Совсем по-другому, с горделивостью почти что лихой, насмешливой, рассказывал он о себе, о своем военном прошлом:
— Мы в тот момент в партизанах сильно голодали, была зима. Пришел как-то вечером к одному старосте, наставил автомат: давай, мол, пожрать. «Нет ничего, пусто, — отвечают староста с женой. — Сами давно все подъели». Заглядываю под кровать, а там по-о-о-лное решето куриных яиц. Ну, меня и взыграло. «Жарь десять яиц», — говорю. Староста пожарил. «А теперь ешь». Староста съел. «Жарь еще десять и опять ешь». Староста сопит, давится, ест, потом отбросил ложку: «Хоть стреляй, но больше не могу». «Что, жила, будешь теперь жадничать?» — говорю, потом сам наелся, забрал остатки яиц и ушел.
Конечно, староста, конечно, пособник, ходит под немцем, почти враг, но сегодня эта история уже видится по-другому — как издевательство молодого вооруженного парня над безоружным человеком. Можно сделать скидку на войну, на голодную озлобленность, но все-таки, все-таки…
Вместе с тем сколько в Григорьеве с возрастом было доброты, внимания, чуткости, жалости, готовности «последнюю рубаху отдать». Как доброжелателен он был к молодым поэтам, в разные годы бывшим его учениками, — от Жемлиханова, Болдина до Родченковой. У меня каким-то чудом сохранилась копия давней телеграммы Игоря Николаевича к Жемлиханову, мало тогда печатаемому, ругаемому, находившемуся в душевном разладе с собой.

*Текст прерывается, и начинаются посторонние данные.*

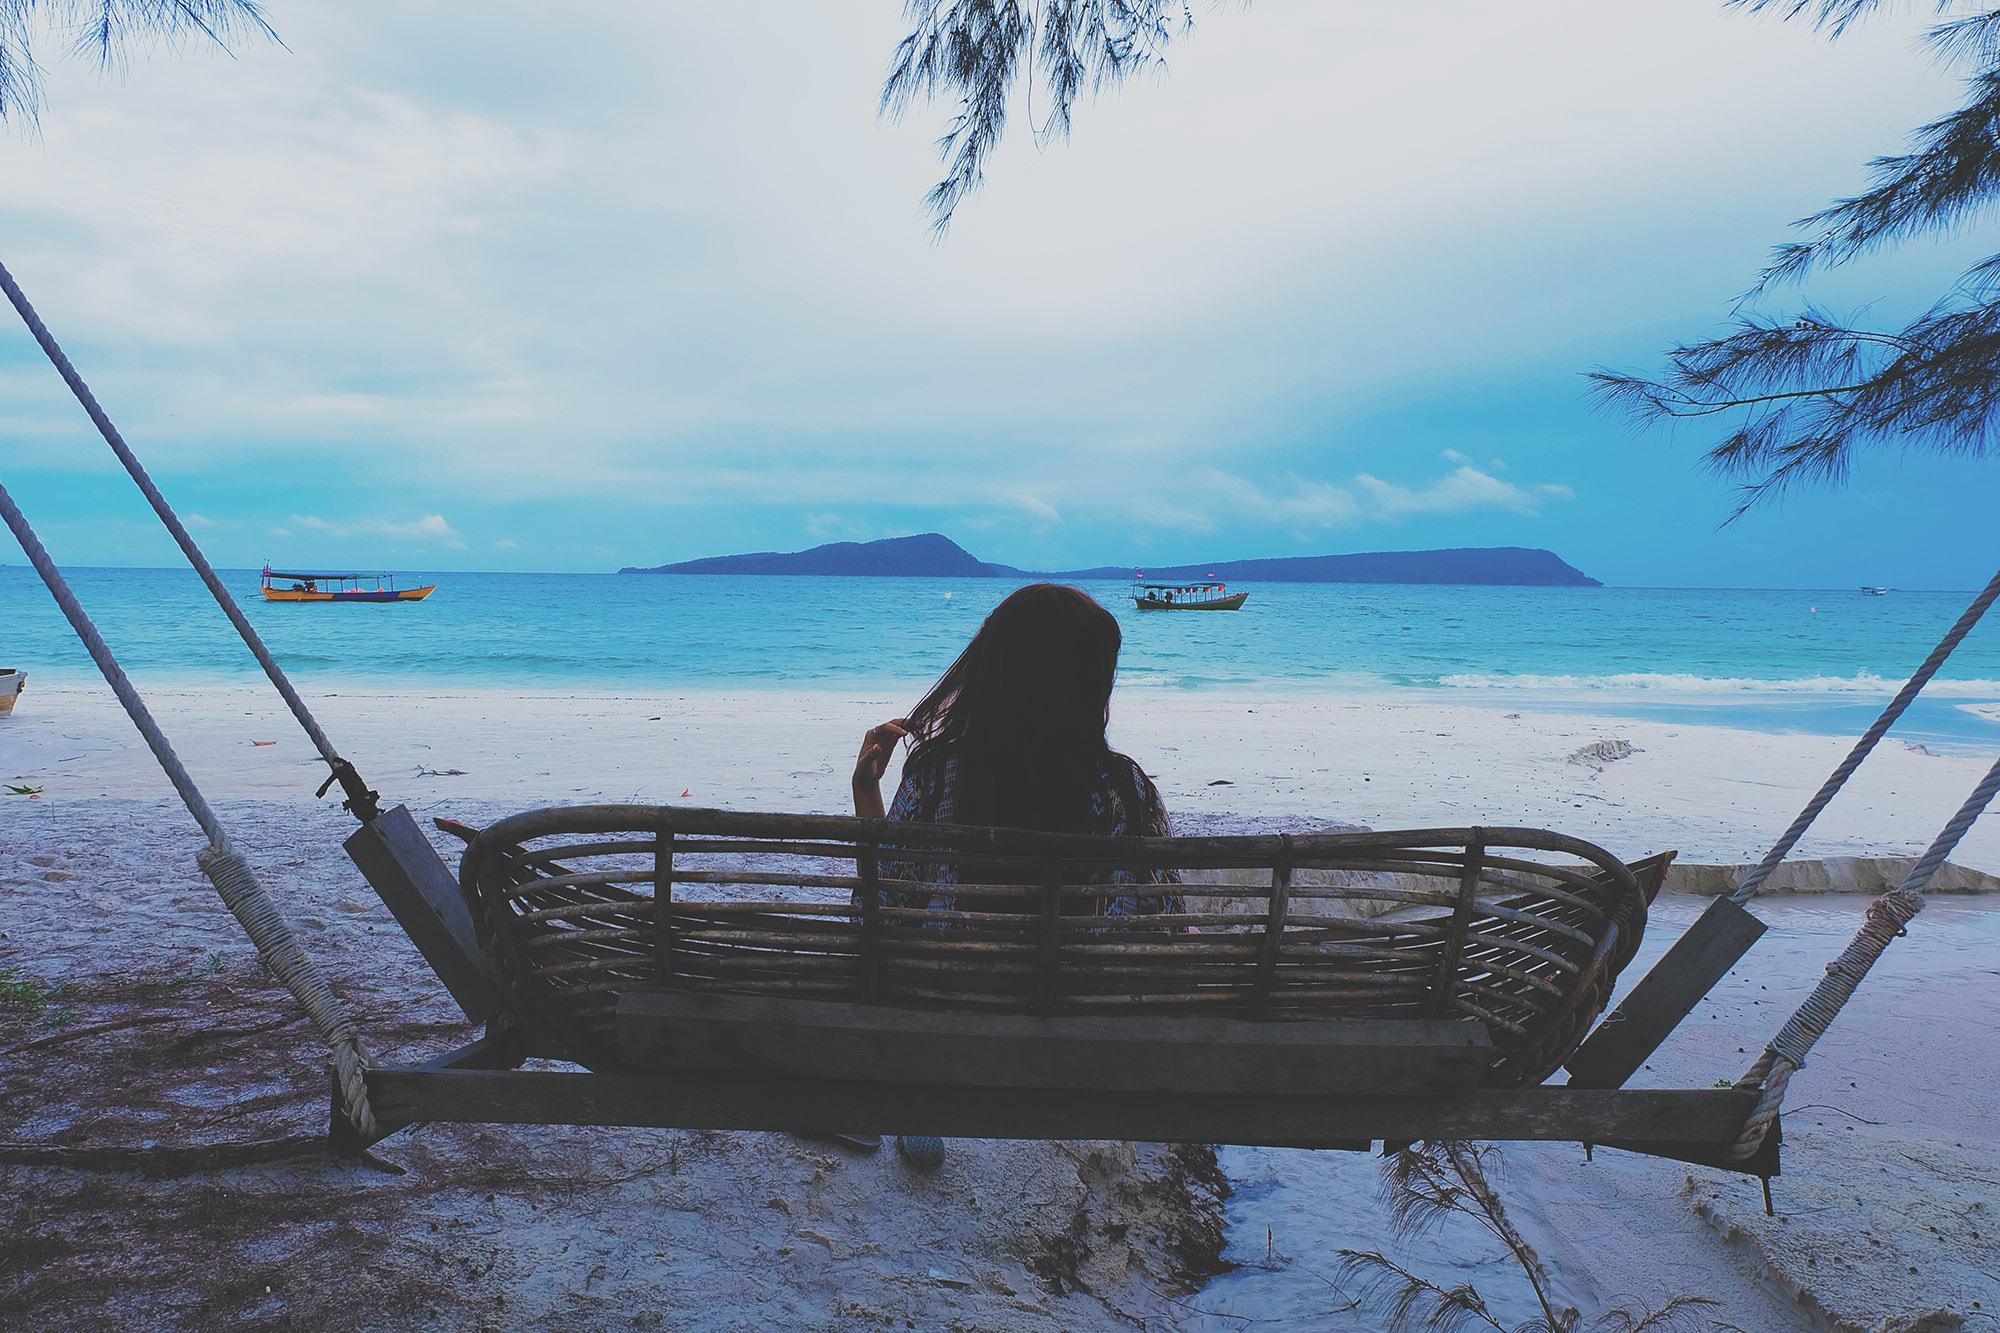 koh rong7 - Nên chọn đi đảo Koh Rong hay đảo Koh Rong Samloem?

Зная об этом, Игорь Николаевич писал: «Энвер, прочитал твой „Венок сонетов“. Ты настоящий поэт. Игорь Григорьев».
А сколько было случаев, когда он спасал, выхаживал замерзающих птиц, как дважды высылал всю пенсию незнакомой безрукой женщине, строившей себе новый дом, зная, что питаться ему снова придется сушками, «подушечками» и бульоном.
* * *
Помню маму Григорьева, высокую, приветливо-властную женщину (ей тогда было далеко за семьдесят), приезжавшую из Порхова с единственной целью — подкормить, наладить быт холостяковавшего сына. Григорьев рассказывал:
— Гостил у меня Энвер Жемлиханов из Великих Лук, сидим мы с ним как-то за столом, беседуем, мама готовит на кухне, подносит нам закусить. Захмелевший Энвер, как только она появляется, всякий раз говорит: «Мама, мама, спасибо, мама». Чувствую, мама наливается возмущением, но пока молчит, а потом как грохнет тарелку на стол: «Да какая я тебе мама, татарская ты м…». После этого мы все трое засмеялись, Энвер не обиделся.
Поэт Энвер Жемлиханов родился в Магнитогорске, почти всю жизнь прожил в Великих Луках, русский язык и культуру впитал с детства, считал родными. Сомневаюсь, знал ли он вообще язык татарский.
Когда эту историю он уже повторял сам, в его словах действительно не было обиды, а скорее было восхищение мамой Григорьева.
* * *
Однажды вечером в Аксеново он вдруг начал рассуждать о поэзии популярного тогда и сейчас поэта-песенника Роберта Рождественского, называя его, не без иронии, на итальянский манер Роберто, делая ударение на втором слоге.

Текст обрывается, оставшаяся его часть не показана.